How to Scrape Instagram Profiles

#scraping #tutorial #go #instagram

Scraping can be tedious work especially if the target site isn't just a standard static HTML page. Plenty of modern sites have JavaScript only UIs where extracting content is not always trivial. Instagram is one of these websites, so I would like to show you how it is possible to write a scraper relatively fast to get images from Instagram. I'm using Colly, a scraping framework for Golang. The full working example can be found here.

Information gathering

First, if we view the source code of a profile page (e.g. https://instagram.com/instagram), we can see a bunch of JavaScript code inside the body tag instead of static HTML tags. Let's take a closer look at it. We can see that the first script is just a variable declaration where a huge JSON is assigned to a single variable (window._sharedData). This JSON can be easily extracted from the script tag by finding the first { character and getting the whole content after it:

jsonData := scriptContent[strings.Index(scriptContent, "{") : len(scriptContent)-1]

Note that because it is a JavaScript variable declaration it has a trailing semicolon what we have to cut off to get a valid JSON. That's why the example above ends with len(scriptContent)-1.

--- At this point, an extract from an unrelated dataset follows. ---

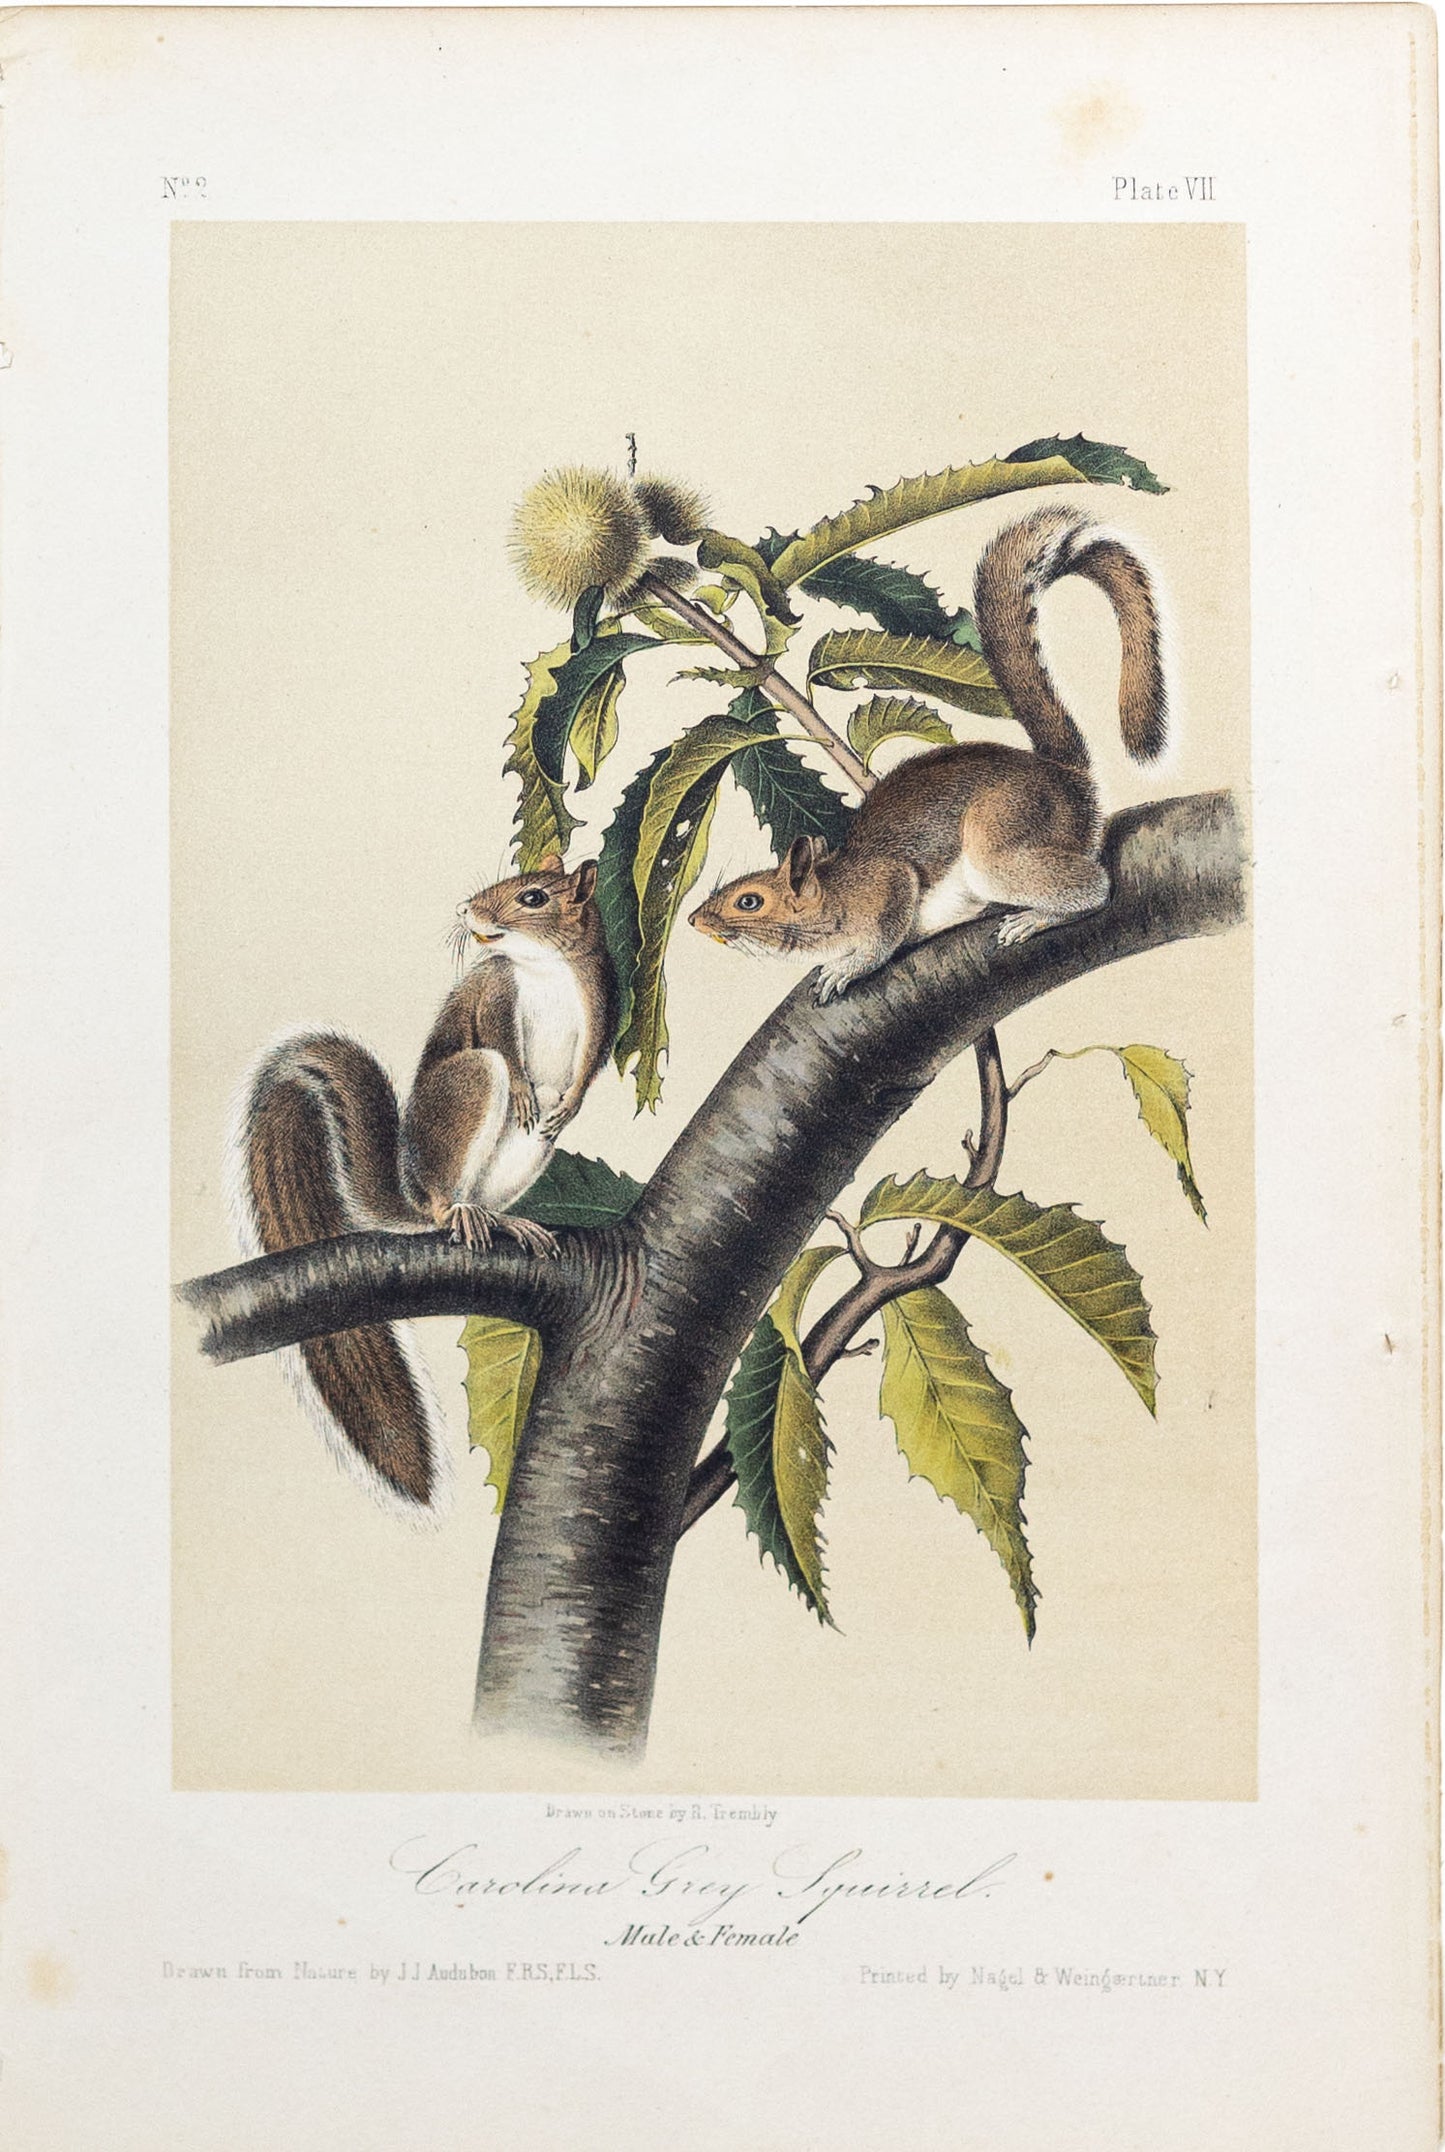 John James Audubon (1785-1851) Carolina Grey Squirrel, Male & Female, Plate 7, Octavo
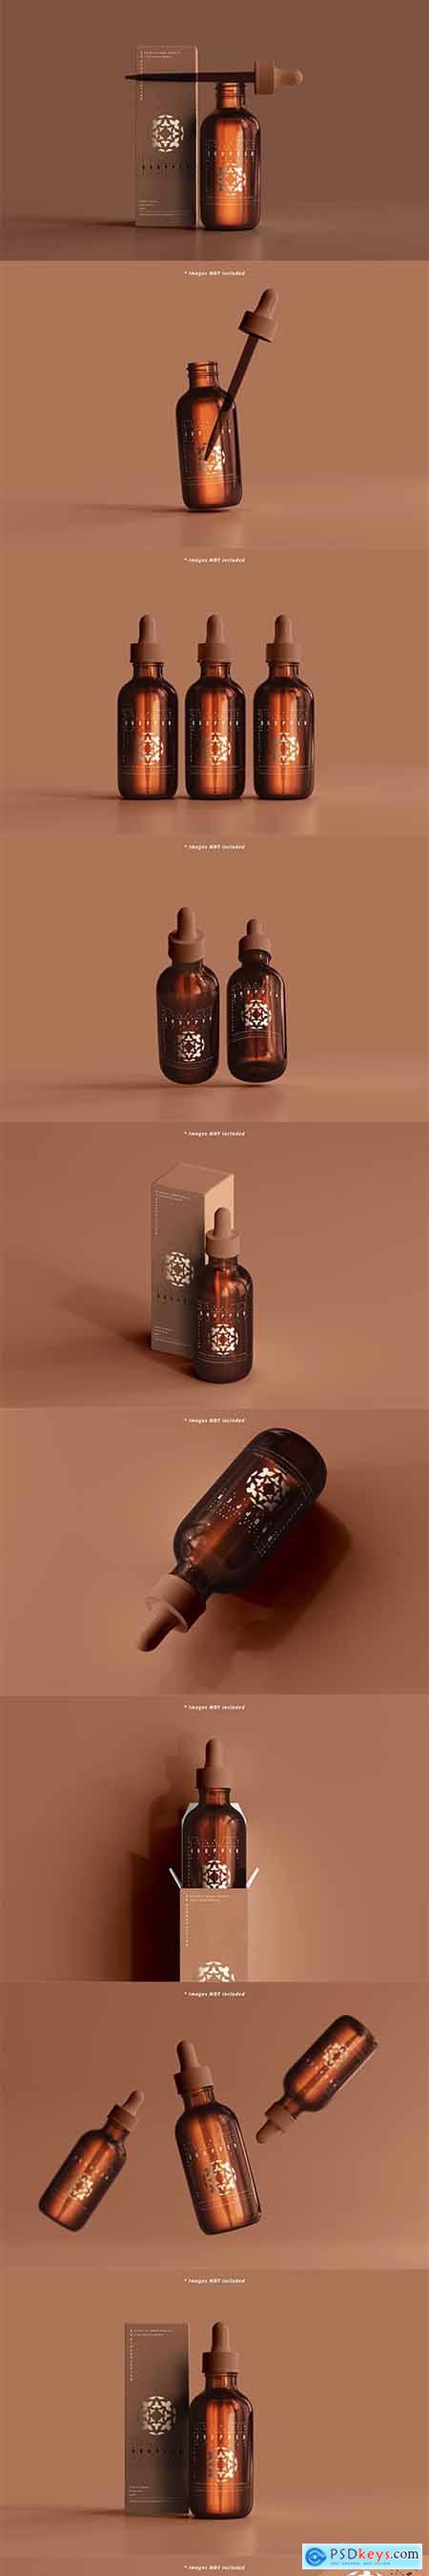 Amber glass dropper bottle and box mockup

The formatted view of the extracted JSON reveals all the information we are looking for. The JSON contains information about a user's images and some metadata of the profile (e.g. the profile ID is 25025320). There is an interesting part of the metadata called page_info:

 "page_info": {
  "has_next_page": true,
  "end_cursor": "AQBiQhGRC6c6f-YOxdU0ApaAvotN4zI601ymkAtQ8SutdWz2n-bKFCkv51PMAoi9im3tNDTFLyhV969z8a6JnAkQMzHbYVwNI4Ke7jbk99nvFA"
 }

Probably, the value of end_cursor' is the attribute of the URL to get the next page when has_next_page is true.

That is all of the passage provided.